● **EXERCISE INSTRUCTIONS**: Given the entries that follow, write out exactly the lines starting at the one containing "Imagen principal de" and ending at the one containing "Faber-Castell Sechs holzgefasste", both ends included, and only those.
Segment Start: LISTED RECORDS
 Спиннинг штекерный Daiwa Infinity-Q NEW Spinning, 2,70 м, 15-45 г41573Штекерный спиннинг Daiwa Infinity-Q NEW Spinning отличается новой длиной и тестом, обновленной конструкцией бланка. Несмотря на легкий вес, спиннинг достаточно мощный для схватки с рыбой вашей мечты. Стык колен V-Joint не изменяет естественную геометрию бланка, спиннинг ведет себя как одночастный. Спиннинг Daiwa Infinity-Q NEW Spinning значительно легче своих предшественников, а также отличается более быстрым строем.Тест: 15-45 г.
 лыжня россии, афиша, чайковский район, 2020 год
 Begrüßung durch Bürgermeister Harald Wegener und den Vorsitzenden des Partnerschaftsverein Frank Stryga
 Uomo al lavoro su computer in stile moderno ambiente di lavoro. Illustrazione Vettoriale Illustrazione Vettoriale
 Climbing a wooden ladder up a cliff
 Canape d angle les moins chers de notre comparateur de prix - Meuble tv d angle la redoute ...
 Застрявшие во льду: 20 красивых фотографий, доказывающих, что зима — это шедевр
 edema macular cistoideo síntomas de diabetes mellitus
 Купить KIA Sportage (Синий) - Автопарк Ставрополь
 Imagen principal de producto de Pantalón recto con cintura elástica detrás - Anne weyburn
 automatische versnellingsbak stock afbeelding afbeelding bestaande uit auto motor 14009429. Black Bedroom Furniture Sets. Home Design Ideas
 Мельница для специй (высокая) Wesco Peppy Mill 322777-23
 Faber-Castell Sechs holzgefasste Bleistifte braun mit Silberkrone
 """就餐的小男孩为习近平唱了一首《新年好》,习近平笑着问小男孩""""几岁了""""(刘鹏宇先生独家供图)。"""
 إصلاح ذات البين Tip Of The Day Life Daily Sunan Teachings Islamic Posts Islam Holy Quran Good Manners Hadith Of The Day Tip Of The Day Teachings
Segment End: LISTED RECORDS
● **TASK SOLUTION**:
 Imagen principal de producto de Pantalón recto con cintura elástica detrás - Anne weyburn
 automatische versnellingsbak stock afbeelding afbeelding bestaande uit auto motor 14009429. Black Bedroom Furniture Sets. Home Design Ideas
 Мельница для специй (высокая) Wesco Peppy Mill 322777-23
 Faber-Castell Sechs holzgefasste Bleistifte braun mit Silberkrone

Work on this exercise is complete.